Hypogammaglobulinemia is a complication of B-cell targeting therapies (BCTT), used in vasculitis, rheumatoid arthritis and systemic lupus erythematosus (SLE). Since autoimmune diseases are associated with underlying and induced immune abnormalities, several societies recommend assessing immune function before and during rituximab treatment. In SLE, polyclonal hypergammaglobulinemia is the typical alteration of gammaglobulins, though hypogammaglobulinemia has also been reported. This is a cross-sectional study describing immunoglobulin levels measured as part of routine care in patients with lupus nephritis, a group with multiple factors contributing to immunoglobulin abnormalities, including immune dysregulation, immunosuppression and nephrotic syndrome. Polyclonal hypergammaglobulinemia occurred in 15/83 (18.1%) patients.
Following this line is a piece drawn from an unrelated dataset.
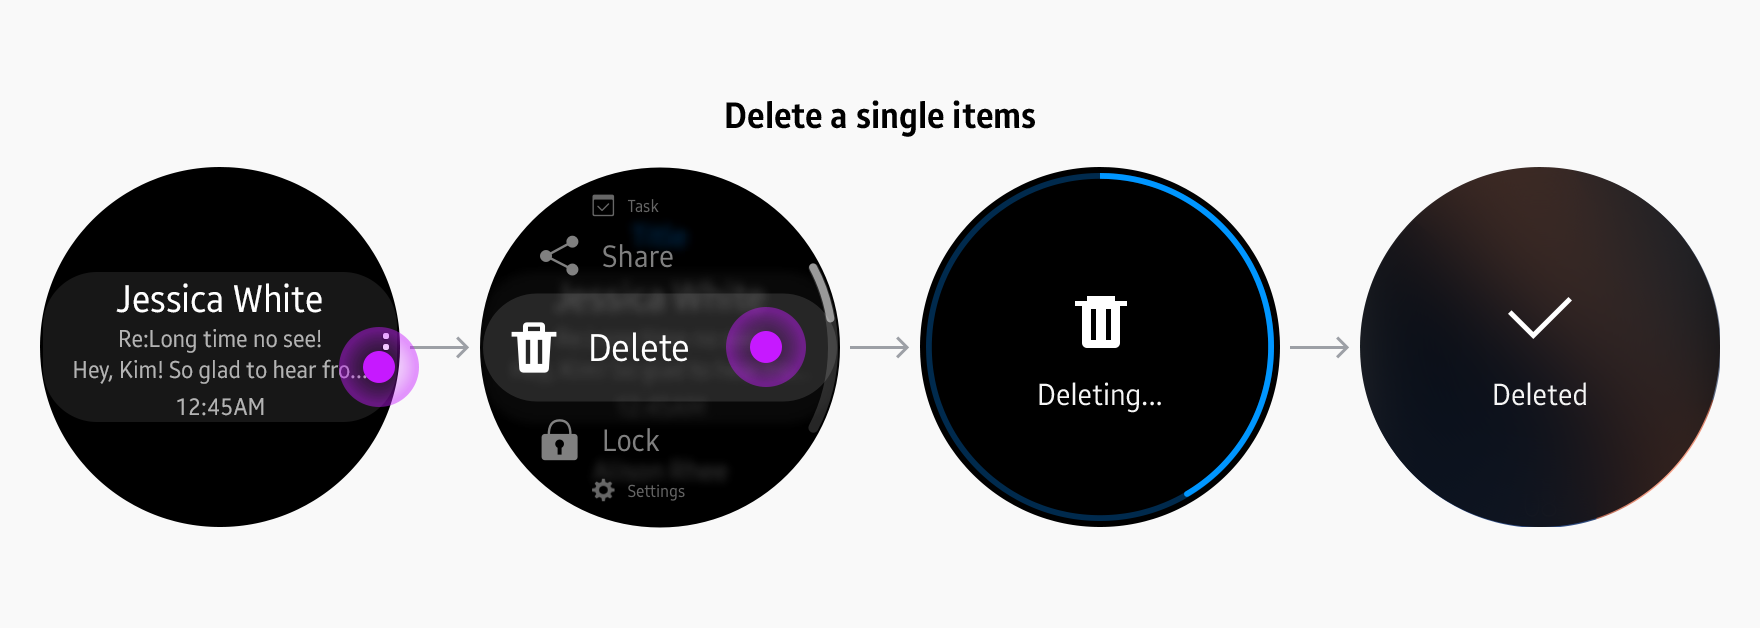 sers can access the Delete button through more options. Either multiselection or single selection is available, depending on the content.
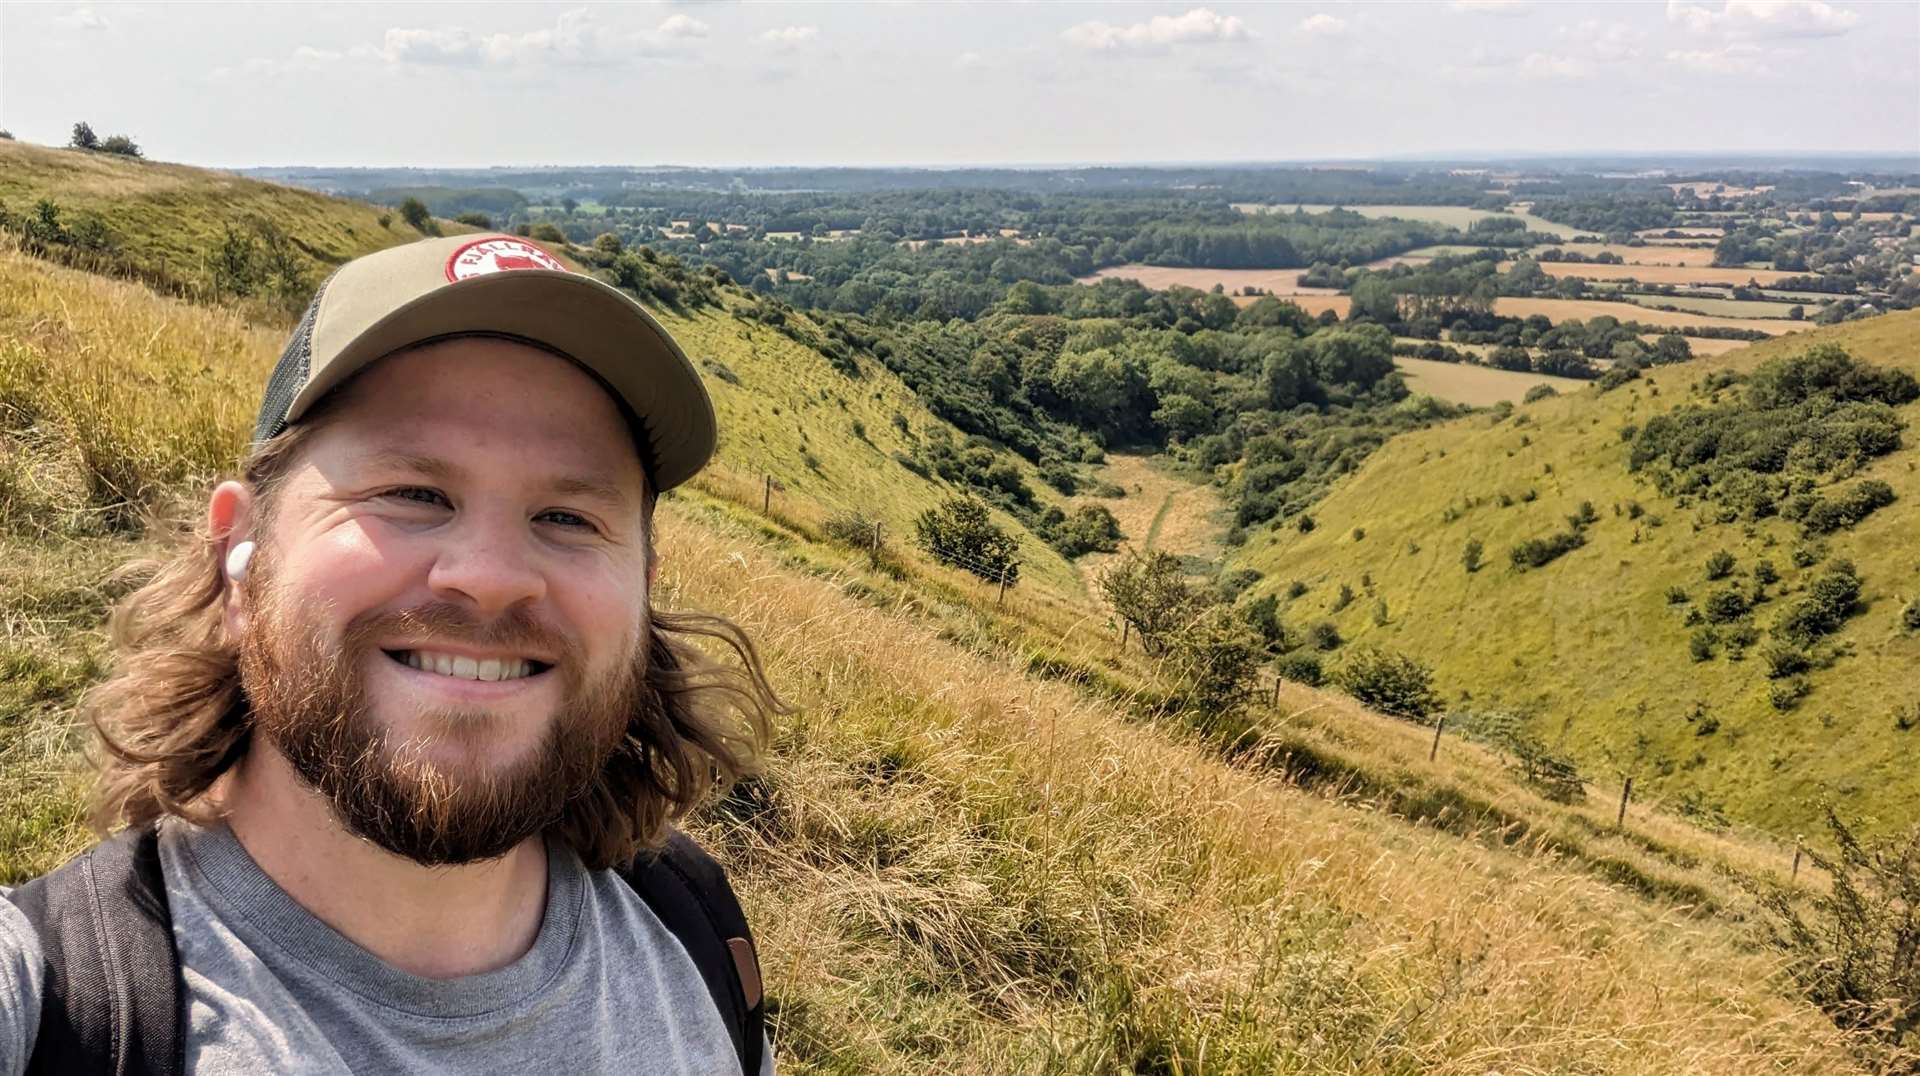 Our man Rhys Griffiths enjoying the remarkable views from the Downs outside Wye

In contrast, low levels of immunoglobulins were found as follows: selective IgA deficiency 2/83 (2.4%), reduced IgG levels 7/83 (8.4%), reduced IgM 14/83 (16.9%). Only 1 patient required immunoglobulin replacement. Immunoglobulin abnormalities are frequently found in lupus nephritis, ranging from polyclonal hypergammaglobulinemia to hypogammglobulinemia. Consequently, immunoglobulin levels should be assessed prior to commencing BCTT.

中文翻译:

狼疮性肾炎患者常出现免疫球蛋白异常

低丙种球蛋白血症是 B 细胞靶向治疗 (BCTT) 的并发症,用于血管炎、类风湿性关节炎和系统性红斑狼疮 (SLE)。由于自身免疫性疾病与潜在的和诱发的免疫异常有关,一些协会建议在利妥昔单抗治疗之前和期间评估免疫功能。在 SLE 中,多克隆高丙种球蛋白血症是丙种球蛋白的典型改变,但也有报道低丙种球蛋白血症。这是一项横断面研究,描述了作为狼疮肾炎患者常规护理的一部分测量的免疫球蛋白水平,狼疮肾炎患者有多种因素导致免疫球蛋白异常,包括免疫失调、免疫抑制和肾病综合征。15/83 (18.1%) 患者发生多克隆高丙种球蛋白血症。相比之下,发现低水平的免疫球蛋白如下:选择性 IgA 缺乏 2/83 (2.4%),IgG 水平降低 7/83 (8.4%),IgM 降低 14/83 (16.9%)。只有 1 名患者需要更换免疫球蛋白。免疫球蛋白异常常见于狼疮性肾炎,范围从多克隆高丙种球蛋白血症到低丙种球蛋白血症。因此,应在开始 BCTT 之前评估免疫球蛋白水平。